[[ INPUT DATA open ]]

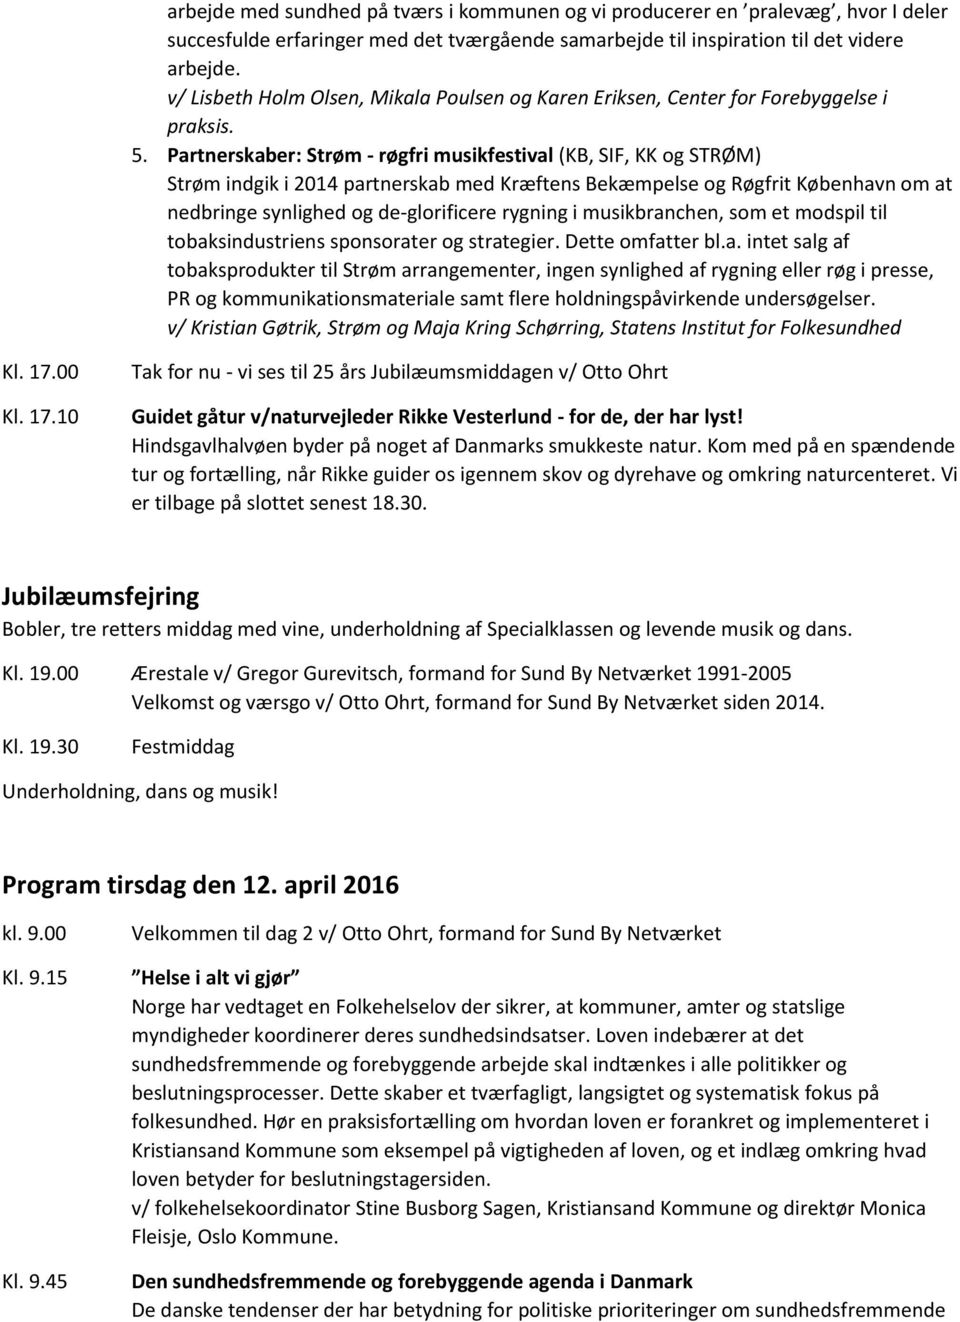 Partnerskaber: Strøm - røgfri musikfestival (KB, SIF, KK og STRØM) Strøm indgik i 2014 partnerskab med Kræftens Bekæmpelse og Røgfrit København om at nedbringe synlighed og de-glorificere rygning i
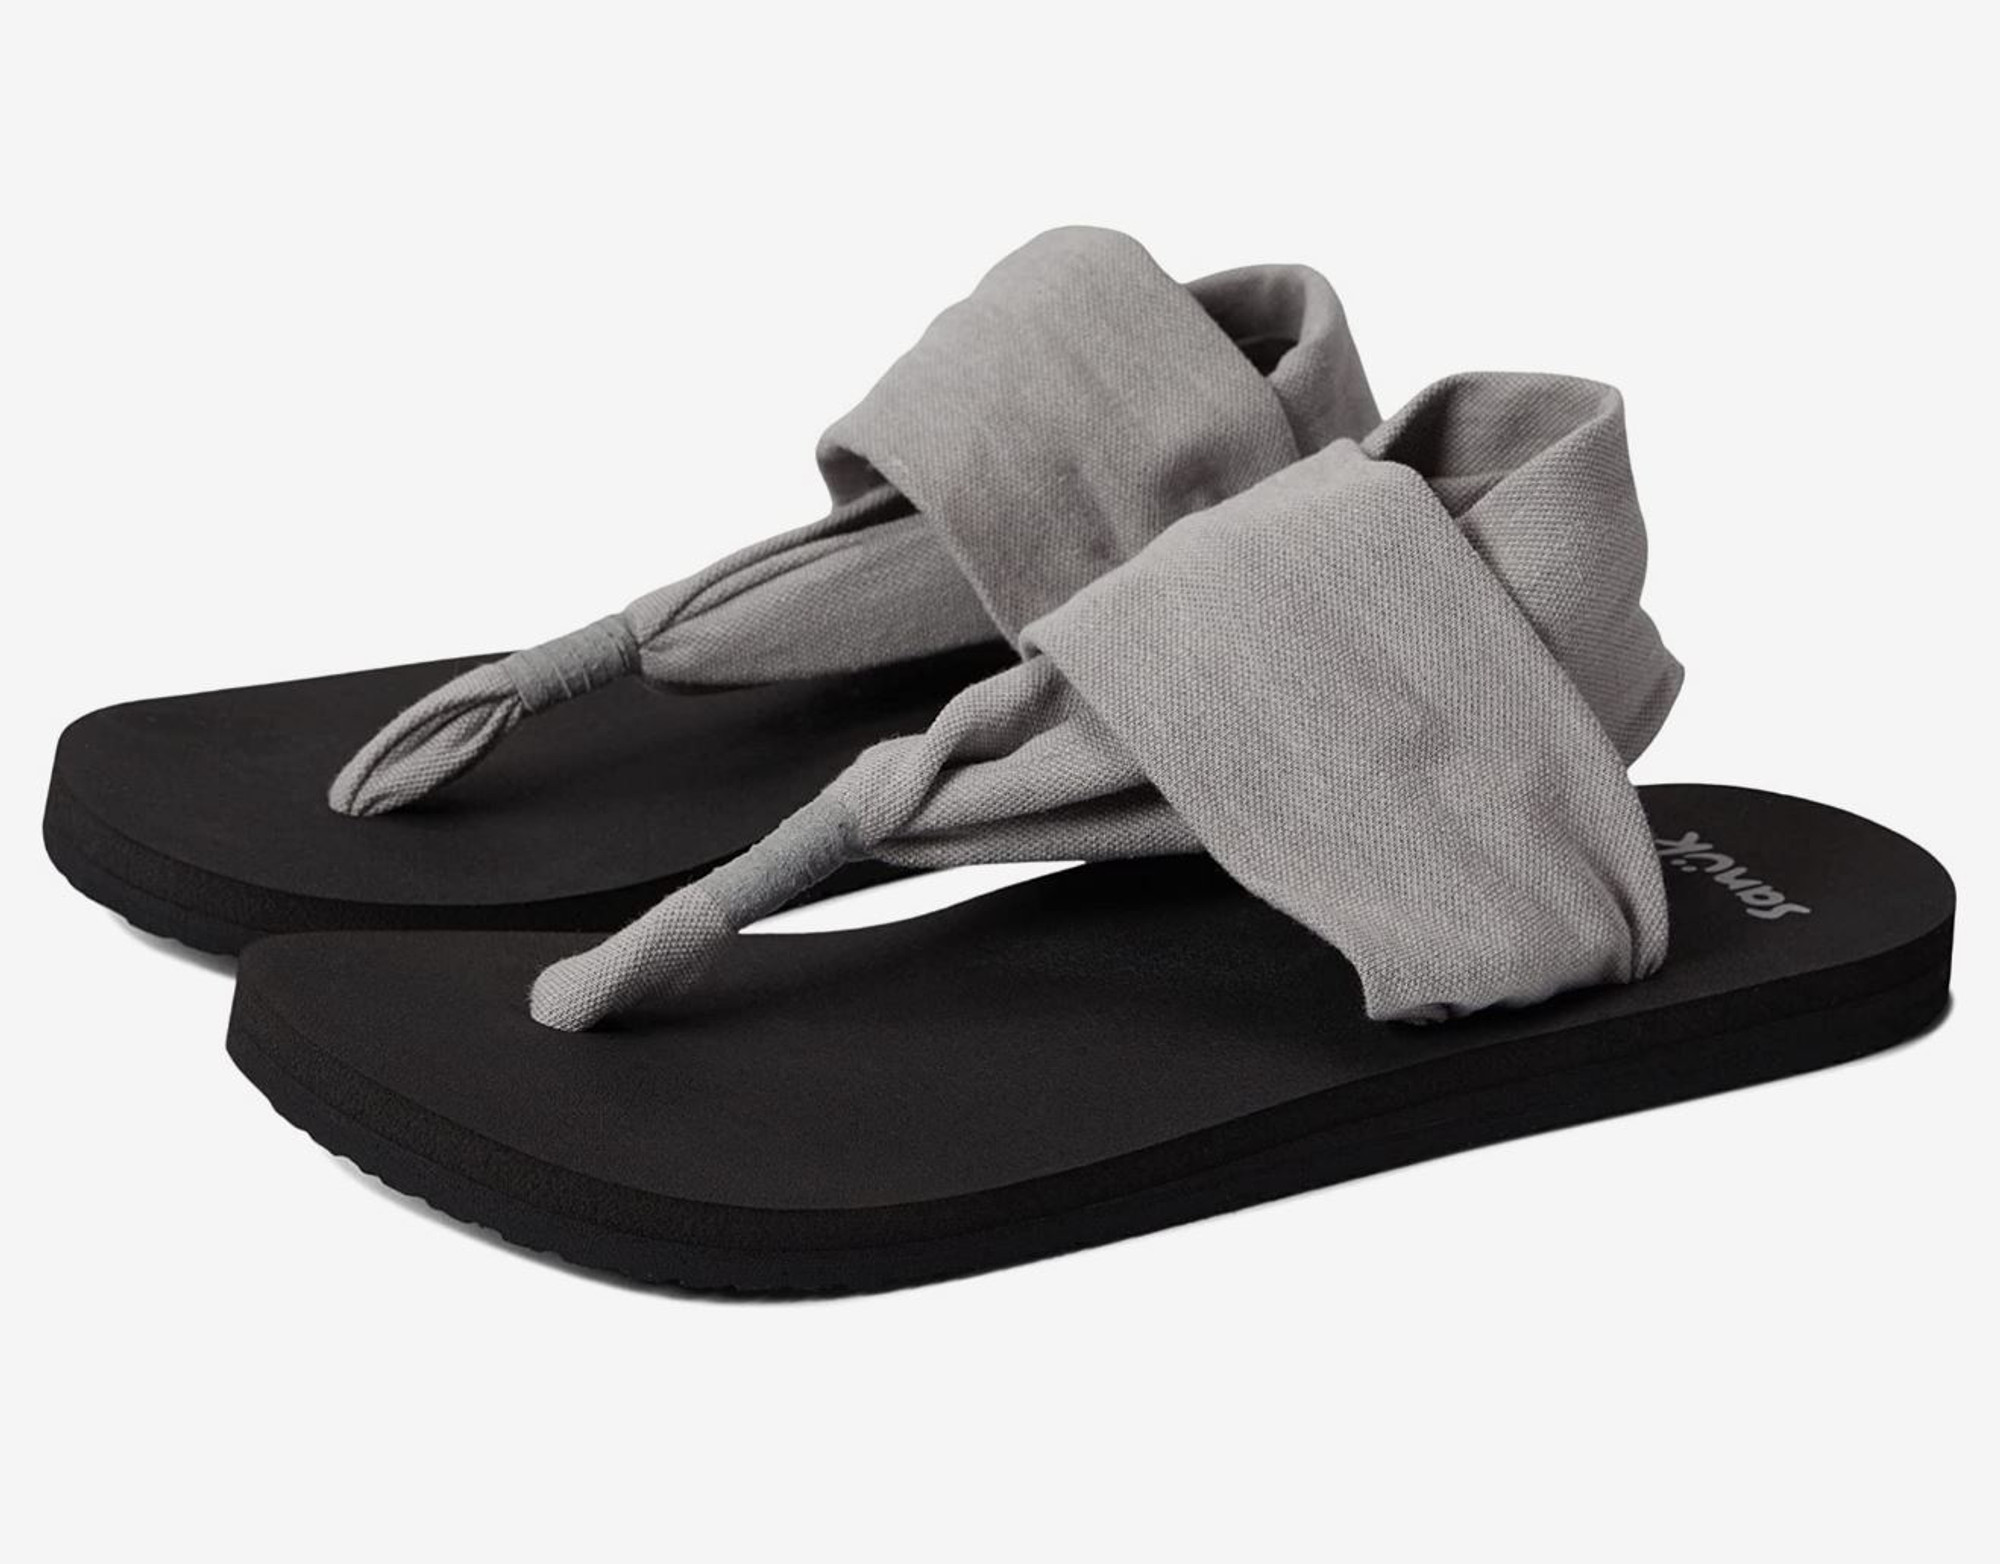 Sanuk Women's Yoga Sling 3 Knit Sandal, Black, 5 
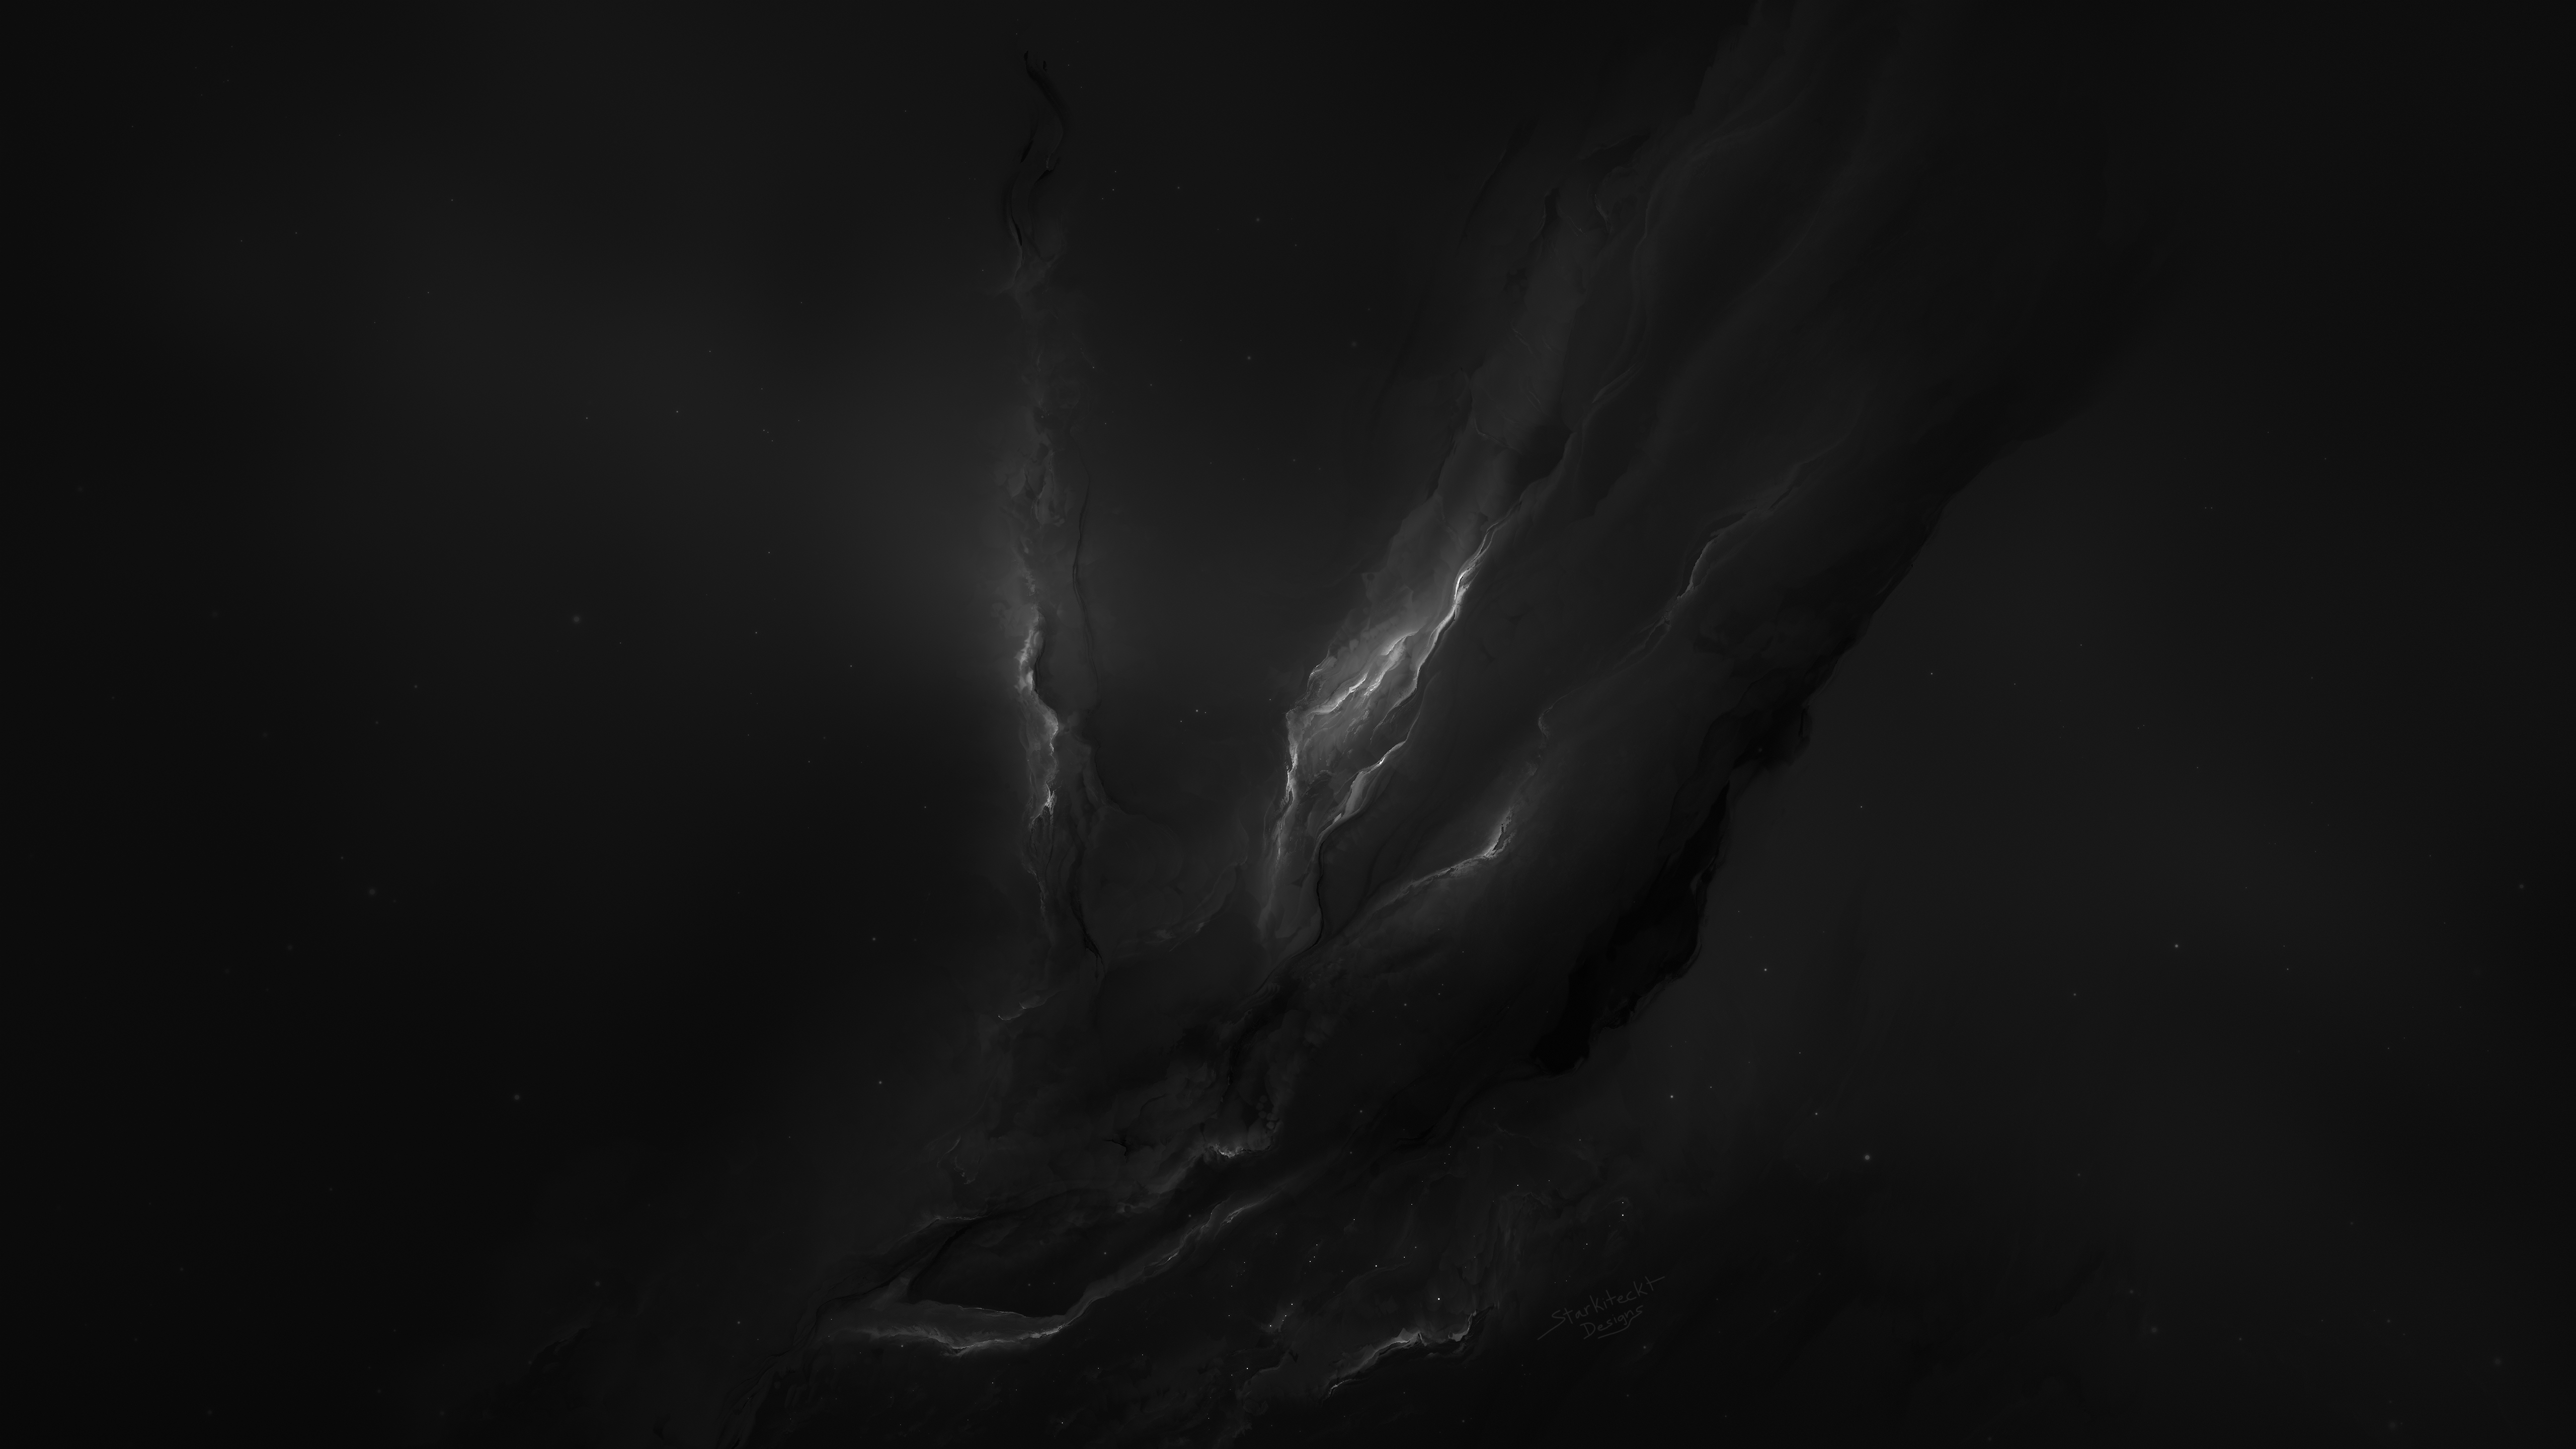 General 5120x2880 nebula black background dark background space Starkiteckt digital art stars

[[ INPUT DATA closed ]]

TASK ITEM: Write the listing again exactly, duplicating every line and skipping the pictures.

ANSWER SPACE:
 Partnerskaber: Strøm - røgfri musikfestival (KB, SIF, KK og STRØM) Strøm indgik i 2014 partnerskab med Kræftens Bekæmpelse og Røgfrit København om at nedbringe synlighed og de-glorificere rygning i
 Sanuk Women's Yoga Sling 3 Knit Sandal, Black, 5 
 General 5120x2880 nebula black background dark background space Starkiteckt digital art stars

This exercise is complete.